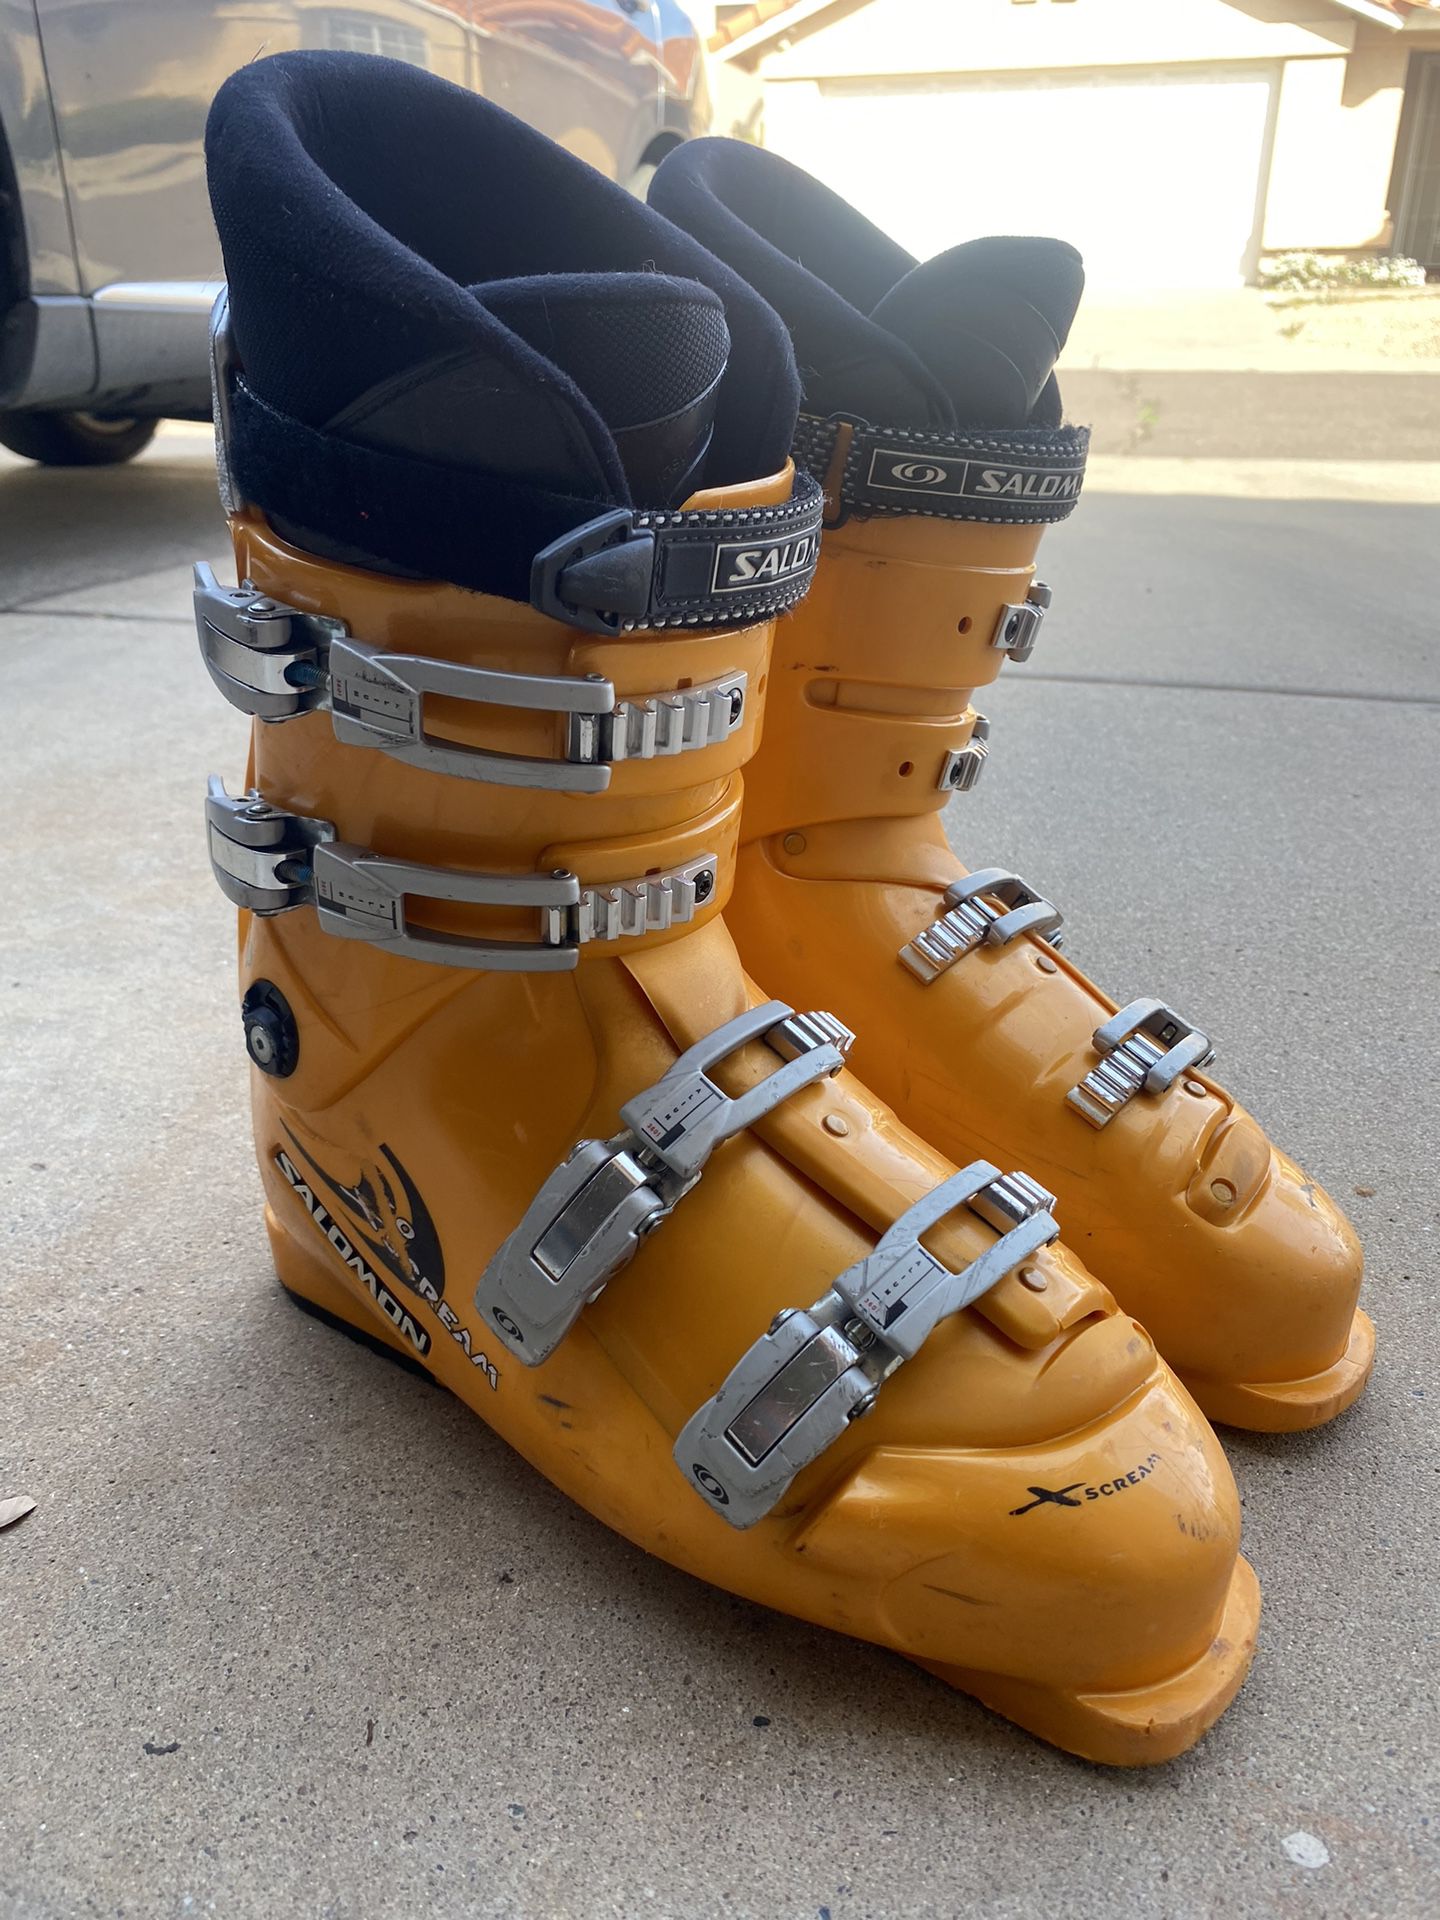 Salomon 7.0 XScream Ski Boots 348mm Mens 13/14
○ ○ ○ ○ ○
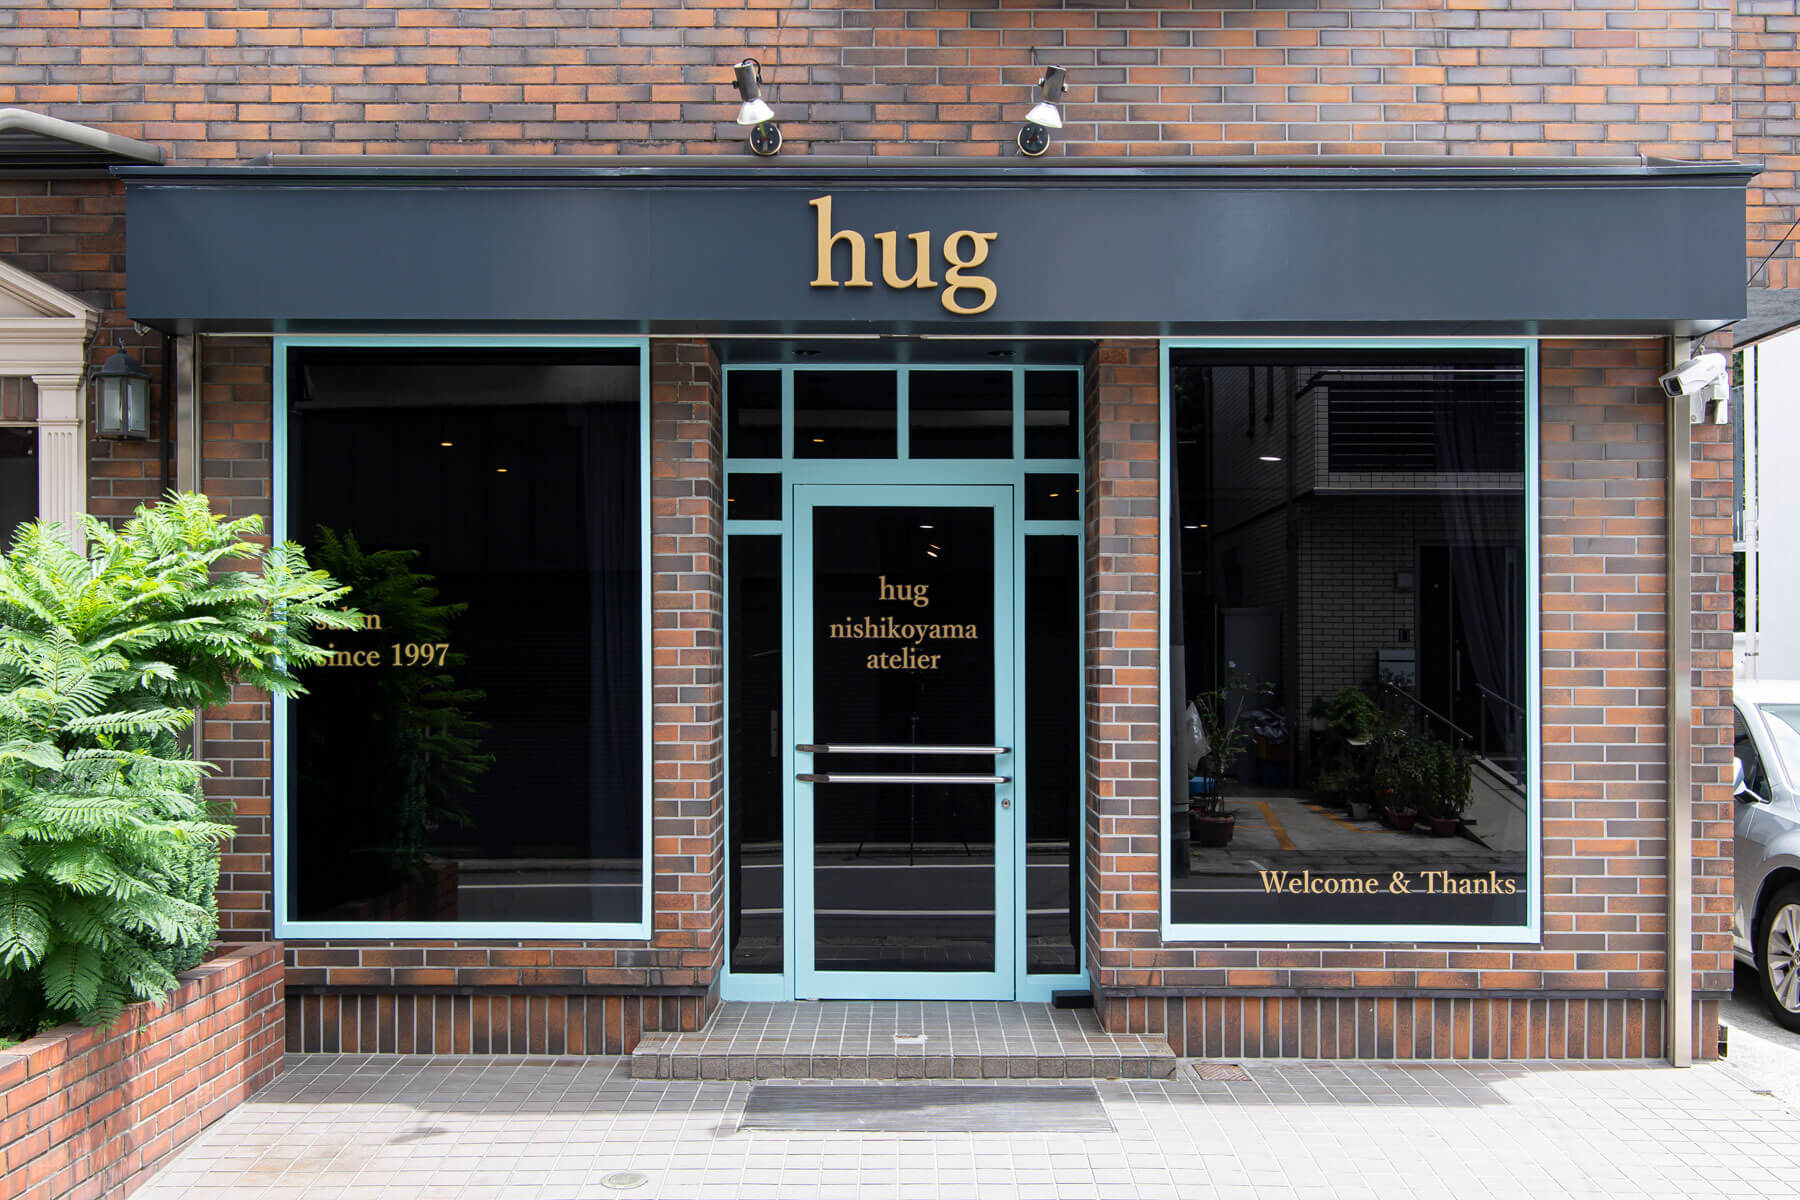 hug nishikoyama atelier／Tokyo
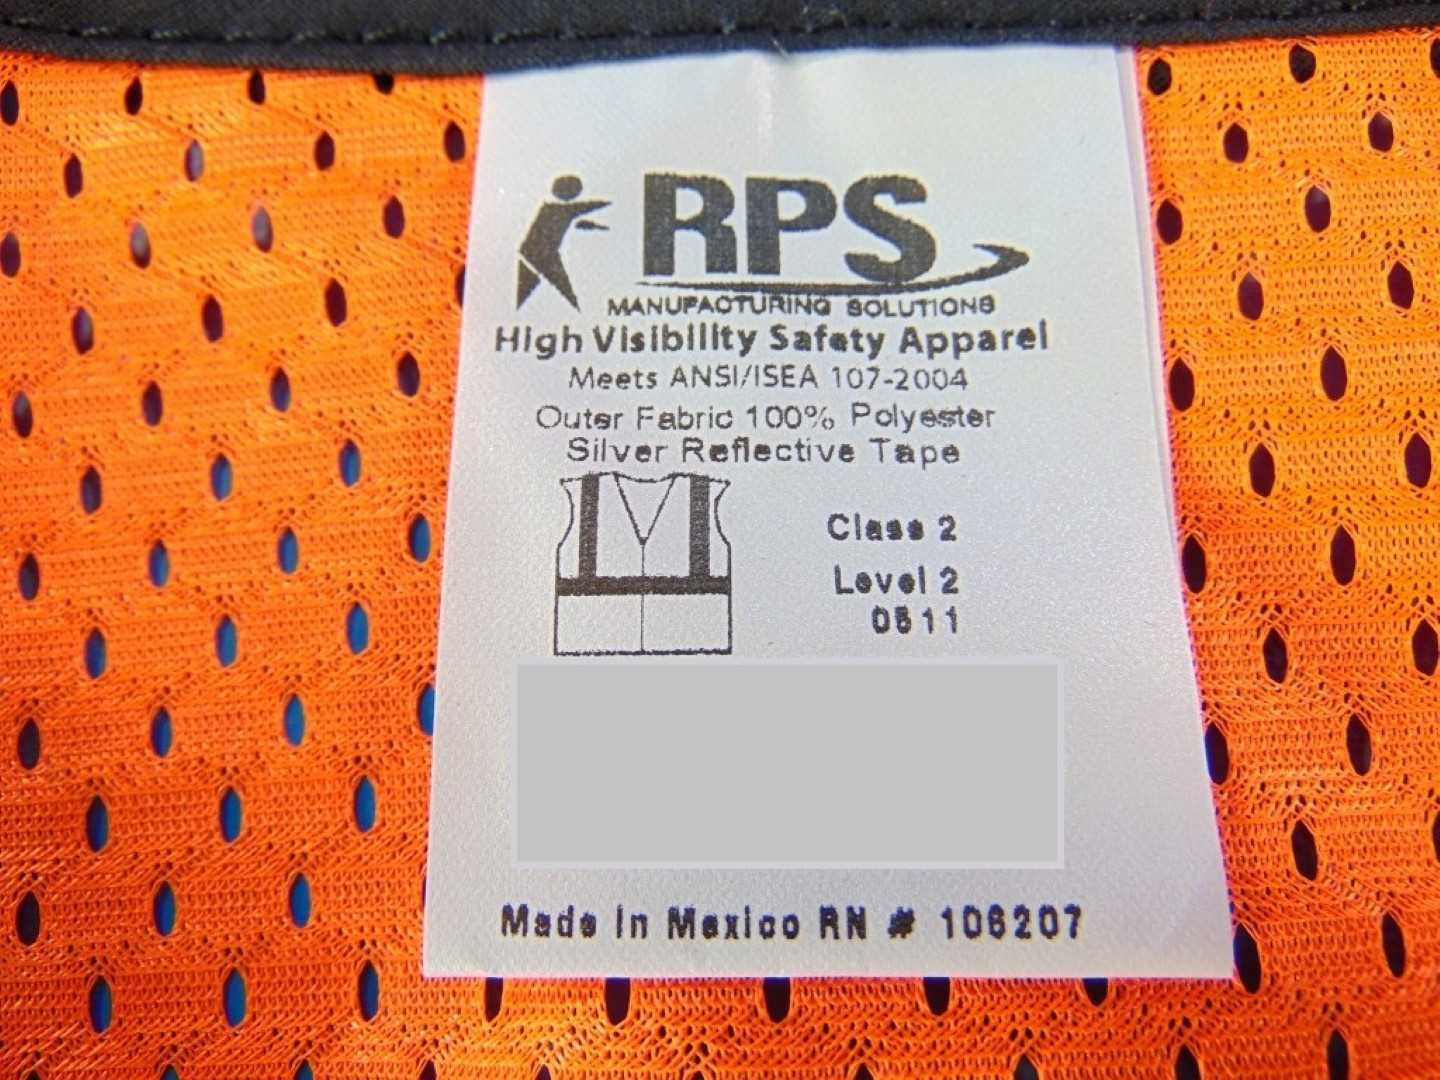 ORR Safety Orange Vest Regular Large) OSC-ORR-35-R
○ ○ ○ ○ ○
__Exercise objective__
In the listing above, find the line with "hug nishikoyama atelier／Tokyo" and the line with "ORR Safety Orange". Copy both of them and every line between, exactly, but not the pictures.

__Solution to this problem__
 hug nishikoyama atelier／Tokyo
 ORR Safety Orange Vest Regular Large) OSC-ORR-35-R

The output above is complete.